Mutual Wanting Alignment Framework (M-WAF)

Updated 9 February 2026

M-WAF is a formal framework that quantifies and aligns bidirectional human-AI desire dynamics using empirical metrics and game theory.
It enables real-time monitoring and proactive expertise management through measurement of expectation gaps, trust ratios, and anthropomorphic cues.
Empirical evaluations show improvements in reasoning efficiency, answer quality, and mutual welfare, supporting advanced AI system design.

The Mutual Wanting Alignment Framework (M-WAF) formalizes and quantifies bidirectional desire dynamics between human users and AI systems, providing a rigorous apparatus for analyzing, clustering, and proactively managing human-AI interactions.
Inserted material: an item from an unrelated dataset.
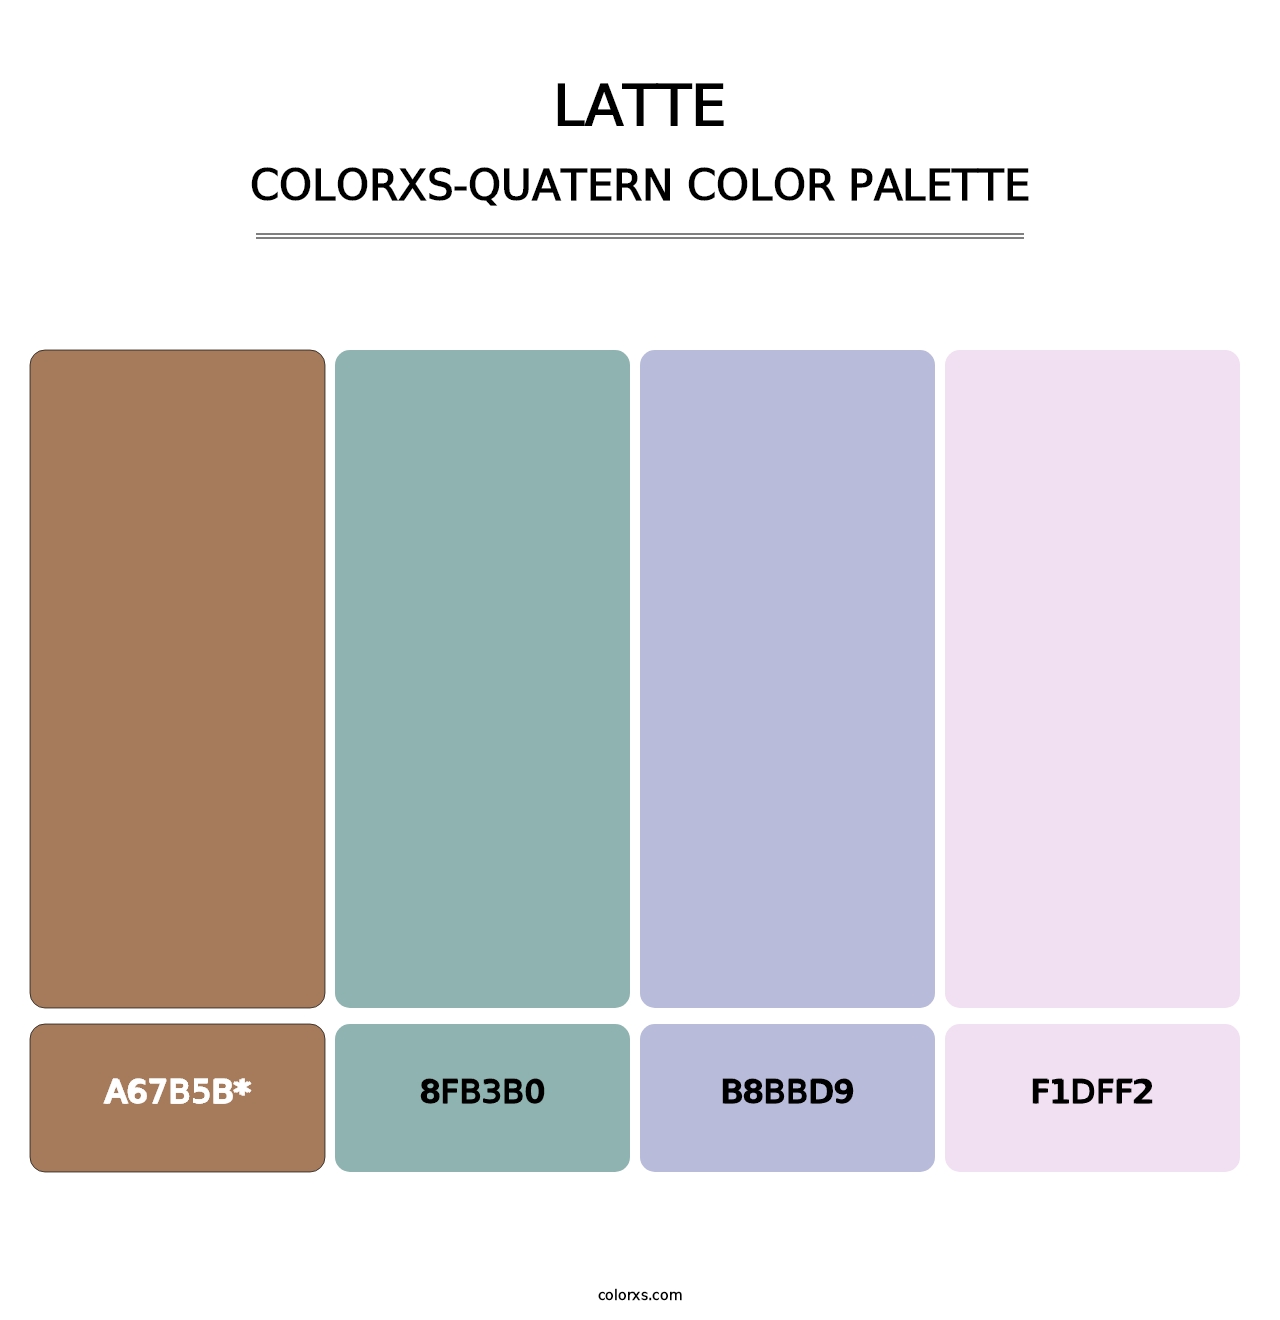 Latte - Colorxs Quatern Palette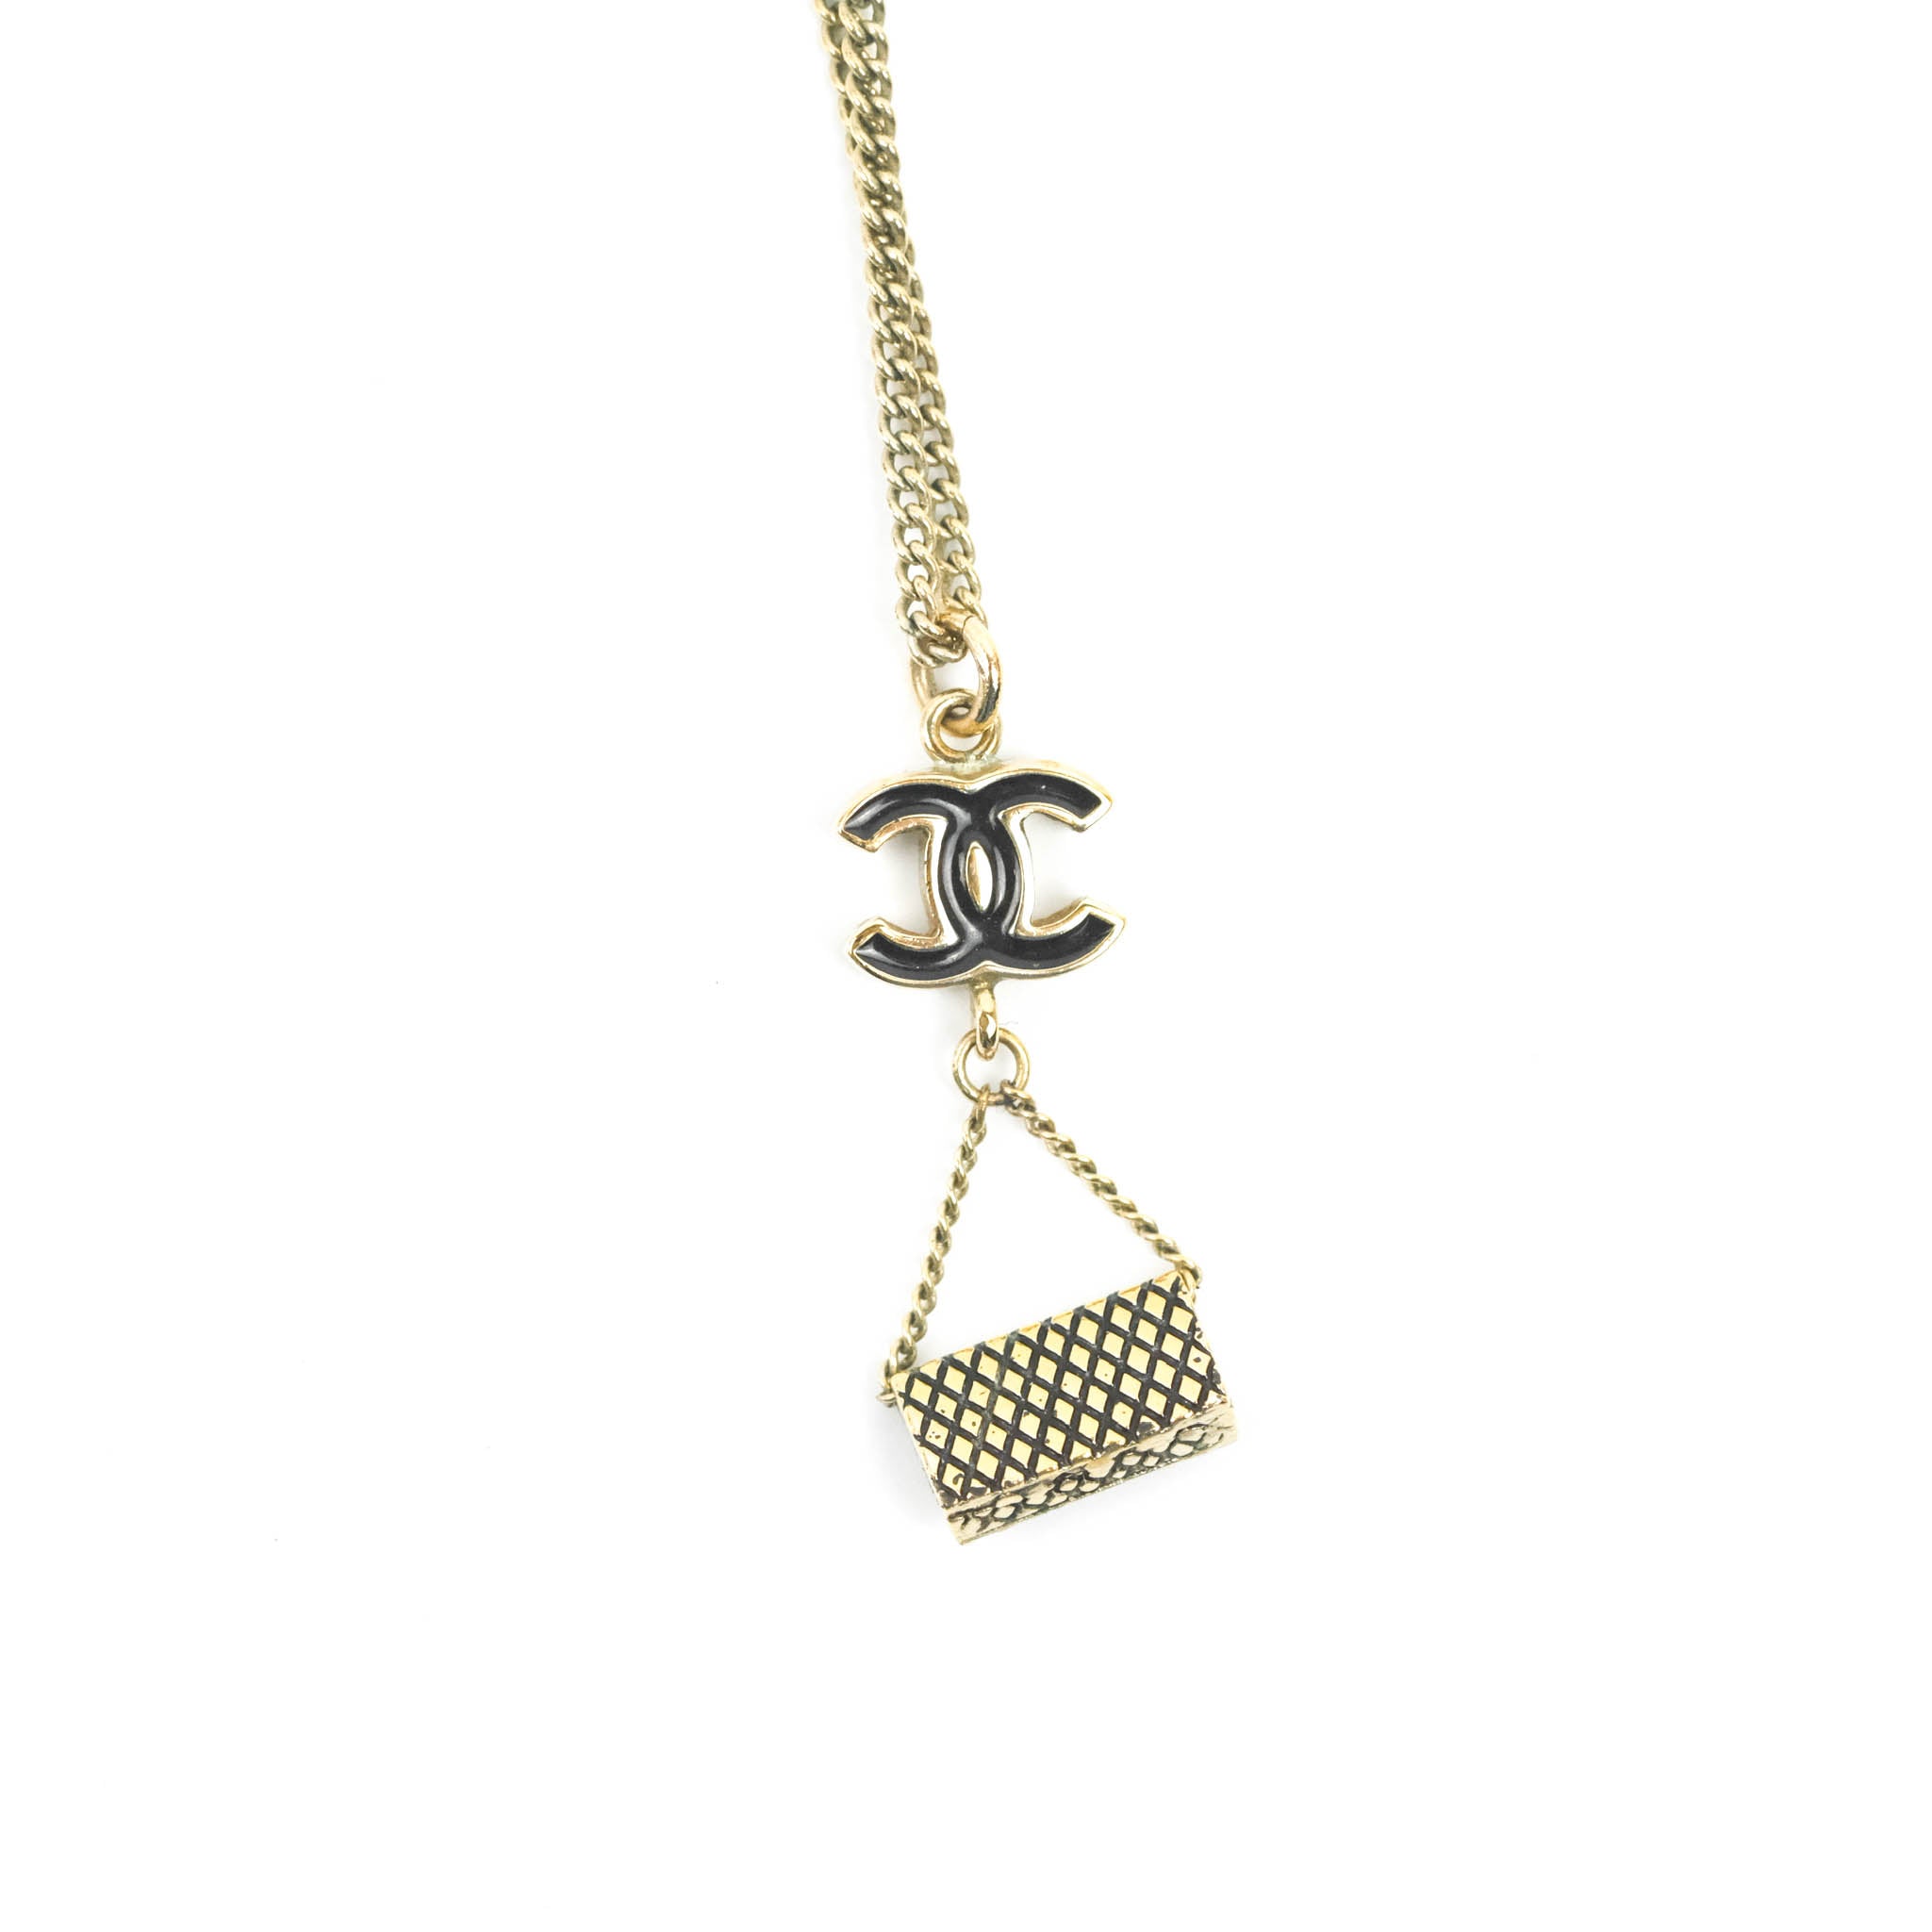 Chanel CC Black Enamel Flap Bag Charm Pendant Necklace Gold Tone

By combining empirical metrics with formal game-theoretic underpinnings, M-WAF enables measurement, monitoring, and optimization of mutual expectations, desires, and welfare. It delivers actionable tools for AI system design, user experience management, and cooperative training objectives (Shang et al., 27 Oct 2025, Zhu et al., 10 Oct 2025).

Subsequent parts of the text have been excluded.